**MATERIAL PROVIDED:**
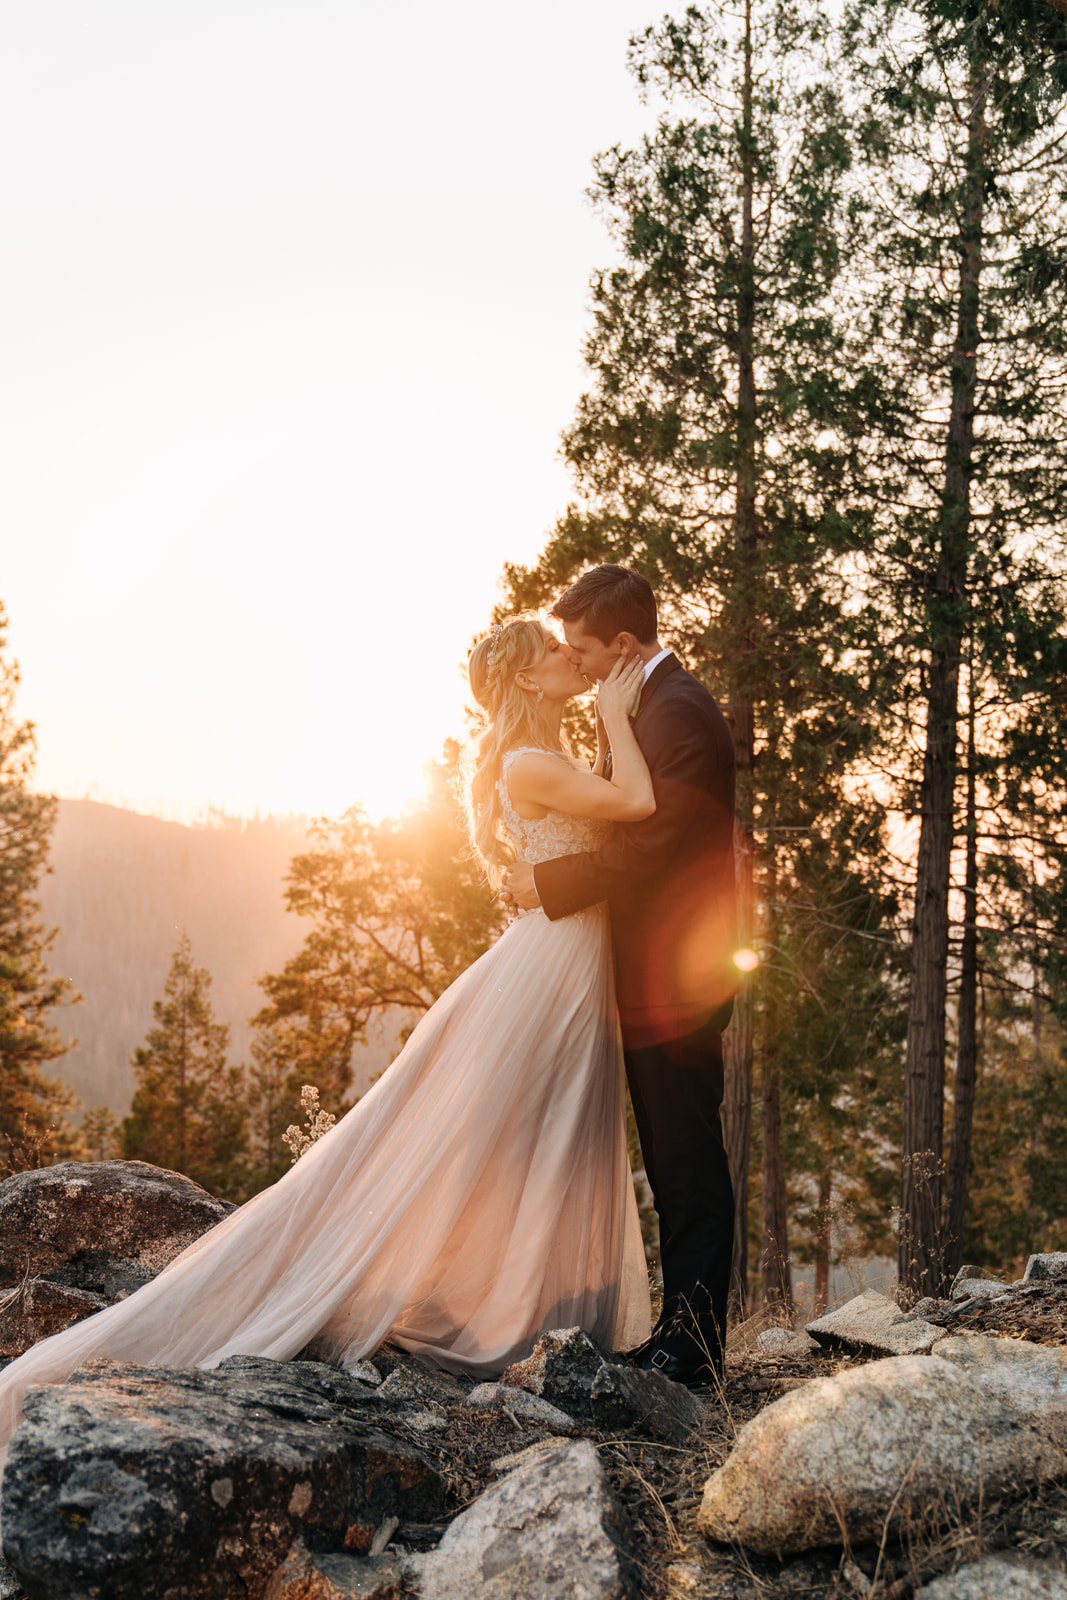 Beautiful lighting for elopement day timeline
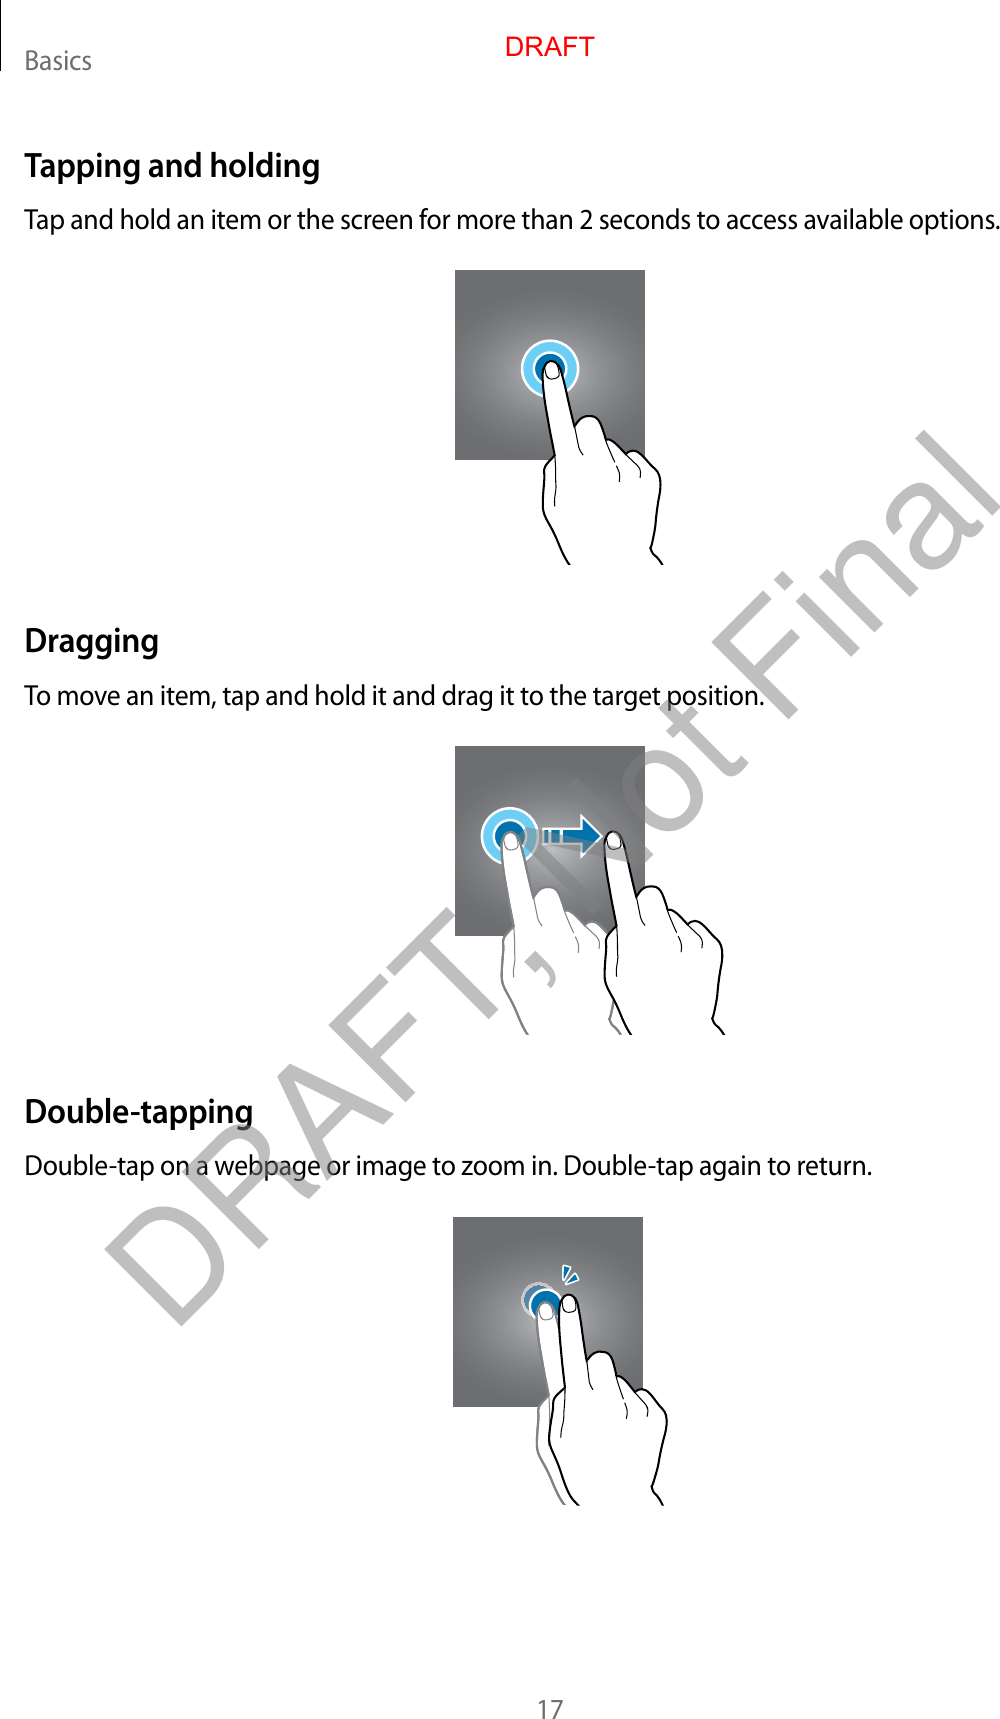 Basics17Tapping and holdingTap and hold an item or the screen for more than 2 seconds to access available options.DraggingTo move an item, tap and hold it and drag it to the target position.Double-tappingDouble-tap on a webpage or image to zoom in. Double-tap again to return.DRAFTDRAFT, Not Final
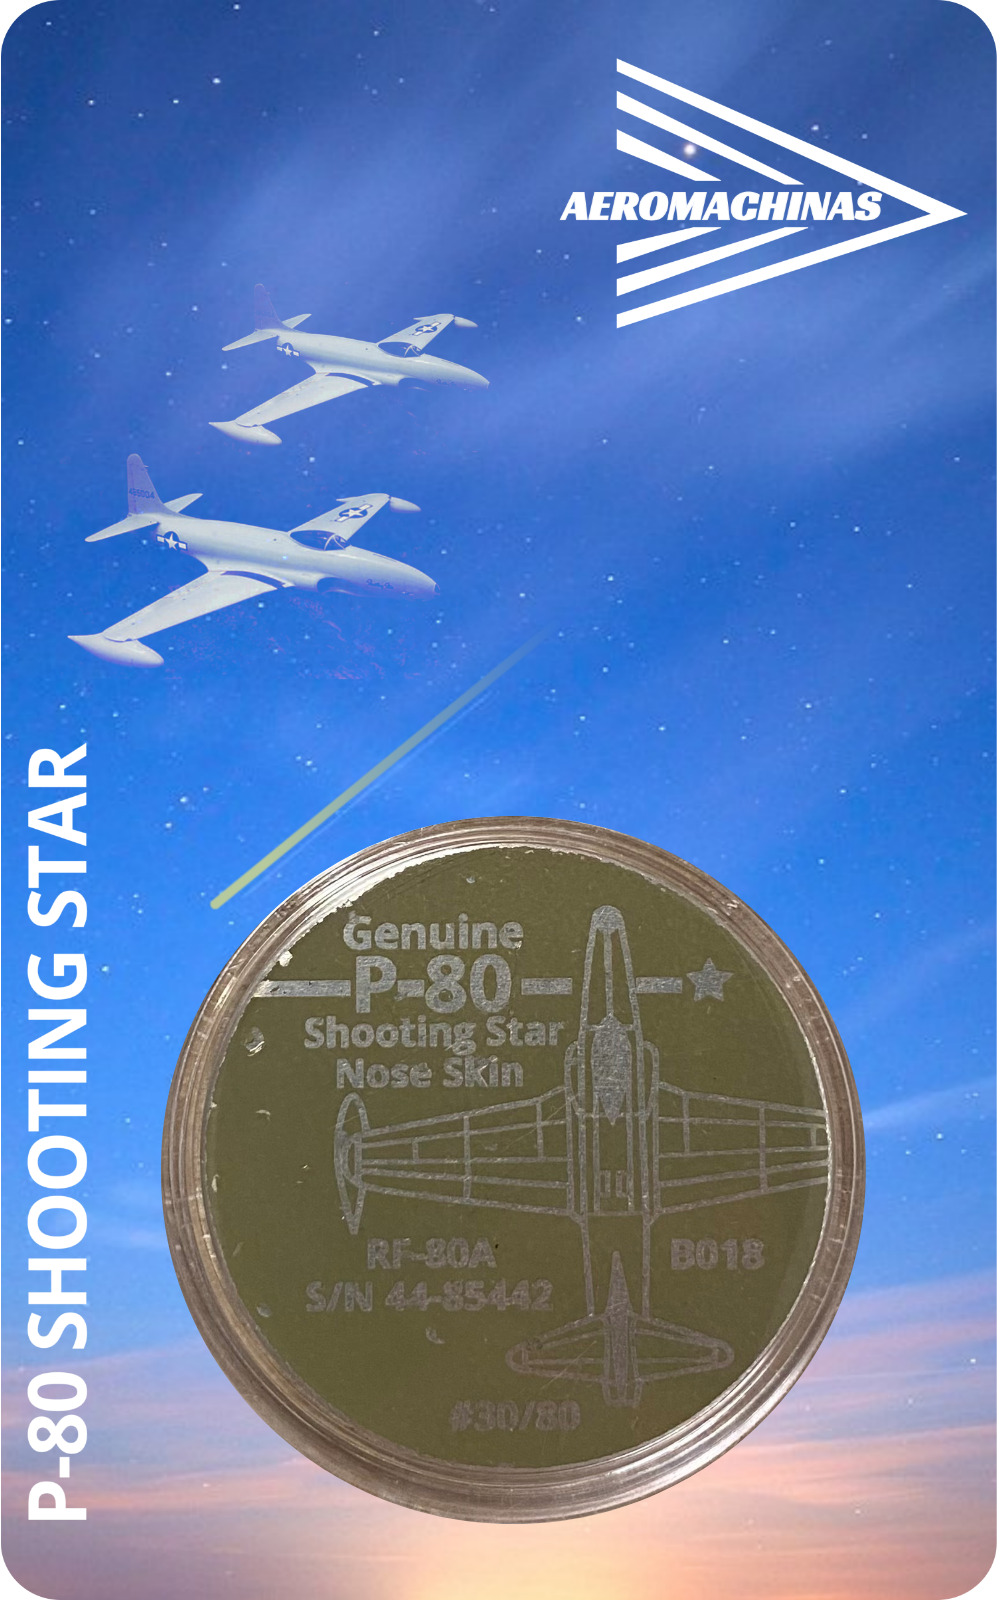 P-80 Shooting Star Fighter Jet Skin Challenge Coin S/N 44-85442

**WORK TO BE COMPLETED:** Copy out nothing but text: transcribe the listing exactly and skip each picture.

**EXERCISE SOLUTION:**
 Beautiful lighting for elopement day timeline
 Basics17Tapping and holdingTap and hold an item or the screen for more than 2 seconds to access available options.DraggingTo move an item, tap and hold it and drag it to the target position.Double-tappingDouble-tap on a webpage or image to zoom in. Double-tap again to return.DRAFTDRAFT, Not Final
 P-80 Shooting Star Fighter Jet Skin Challenge Coin S/N 44-85442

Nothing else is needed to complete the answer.